Through qualitative, quantitative, ethnographic, biometric and eye-tracking research, it became clear that the current customer experience was solid, but not stellar. And customer loyalty scores trailed the leading competitor by a wide margin.

The insights that emerged included:
• There were 8 stages of the customer experience journey – and 20 friction points were encountered along the journey – well-known to the restaurant employees – but not prioritized or proactively managed on a systematic basis
• Many of the 25+ factors that were studied had little impact on the customer experience. They weren’t relevant to being “on-brand”.
• There were 4 “moments of truth” along the journey that defined the overall experience. Getting these 4 things right resulted in an outstanding “on-brand experience” – getting them wrong resulted in an “off-brand experience”. 90 points of customer loyalty (NPS) were “leaking” out of the customer journey through a failure to proactively manage these 4 moments of truth.
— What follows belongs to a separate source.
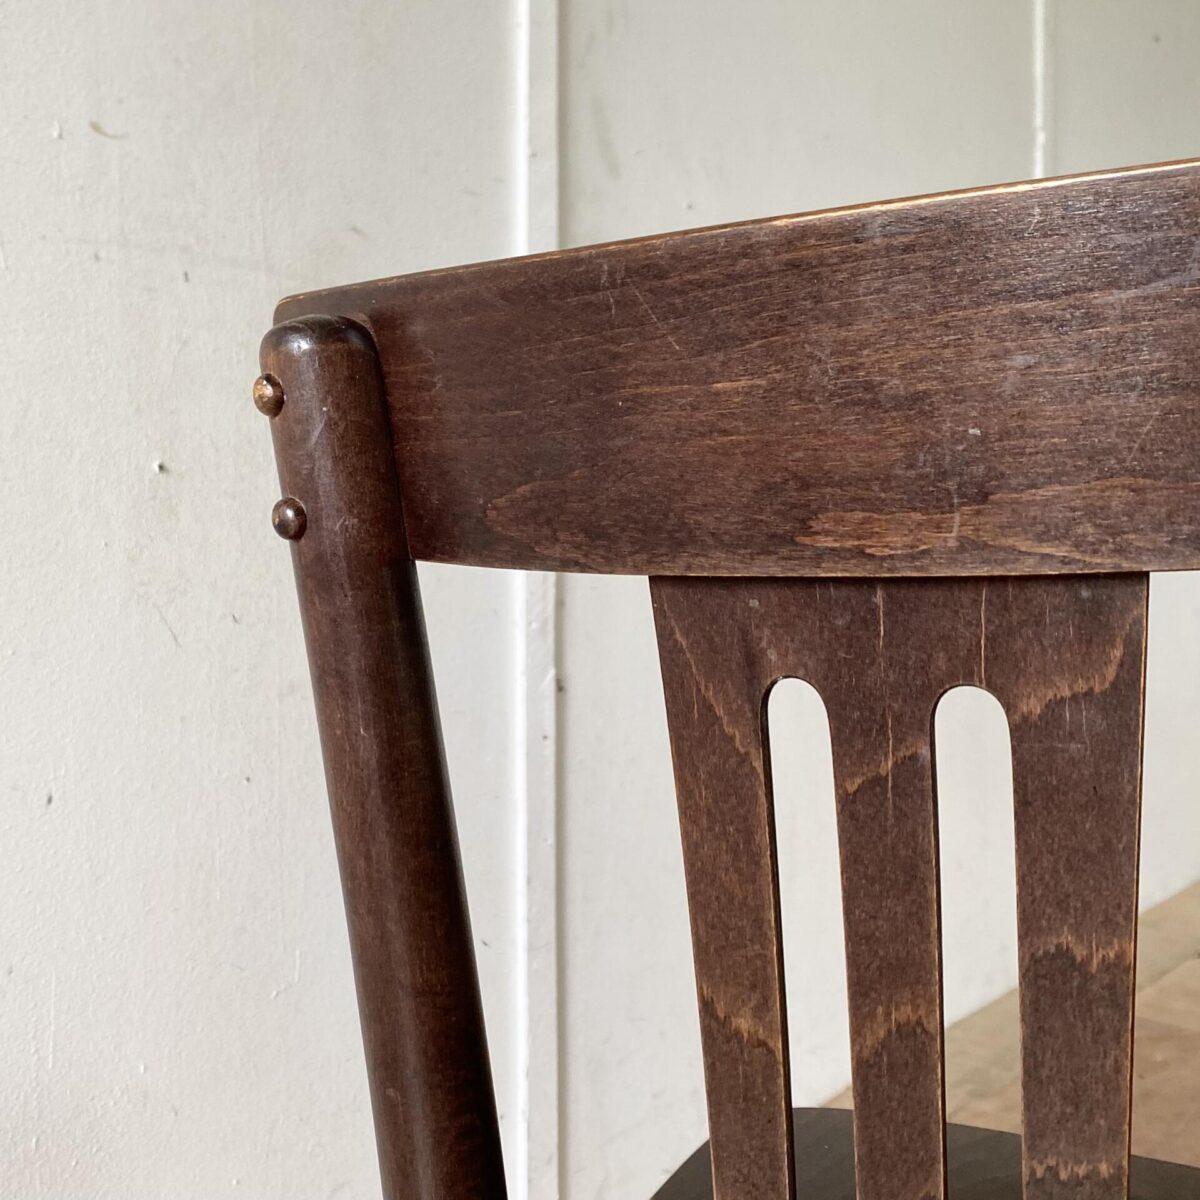 Deuxieme.shop Bugholz Stühle Restaurantstühle. 60 Bistrostühle aus Buchenholz dunkel gebeizt und lackiert. Preis pro Stuhl. Diese neueren Esszimmer Stühle sind in gebrauchtem aber funktionalen, stabilen Zustand. Diverse Abnutzungserscheinung, teilweise fehlen ein paar der runden Schrauben-Abdeckungen hinter der Rückenlehne.

Linking these insights to business results allowed us to model and quantify the following:
• Focusing on delivering an “on-brand experience” in the 4 key areas (out of 25+ potential areas) of the customer experience results in an industry-leading customer loyalty result, with a measurable and immediate NPS improvement.
• This impact had a 30% improvement in customer lifecycle revenue, based on visit frequency, increased spending per visit.
• Improving the experience would allow the company to expand its customer base within the family members and their friends, making new customer growth faster and less expensive.

By Greg Tucker

Greg Tucker is a Who’s who of Customer Experience and award-winning CX practitioner, advisor and leader for more than 15 years. As CEO of Tucker & Company he consults to Fortune 1000 enterprises and emerging companies on Customer Experience strategies and programs, delivering transformational business results. As a CX Officer and CMO at Copart Auto Auctions, he implemented an end-to-end CX program across all channels that delivered a 20% improvement in Enterprise profitability and received the 2012 CX Innovation Award for delivering a powerful ROI from the CX Program.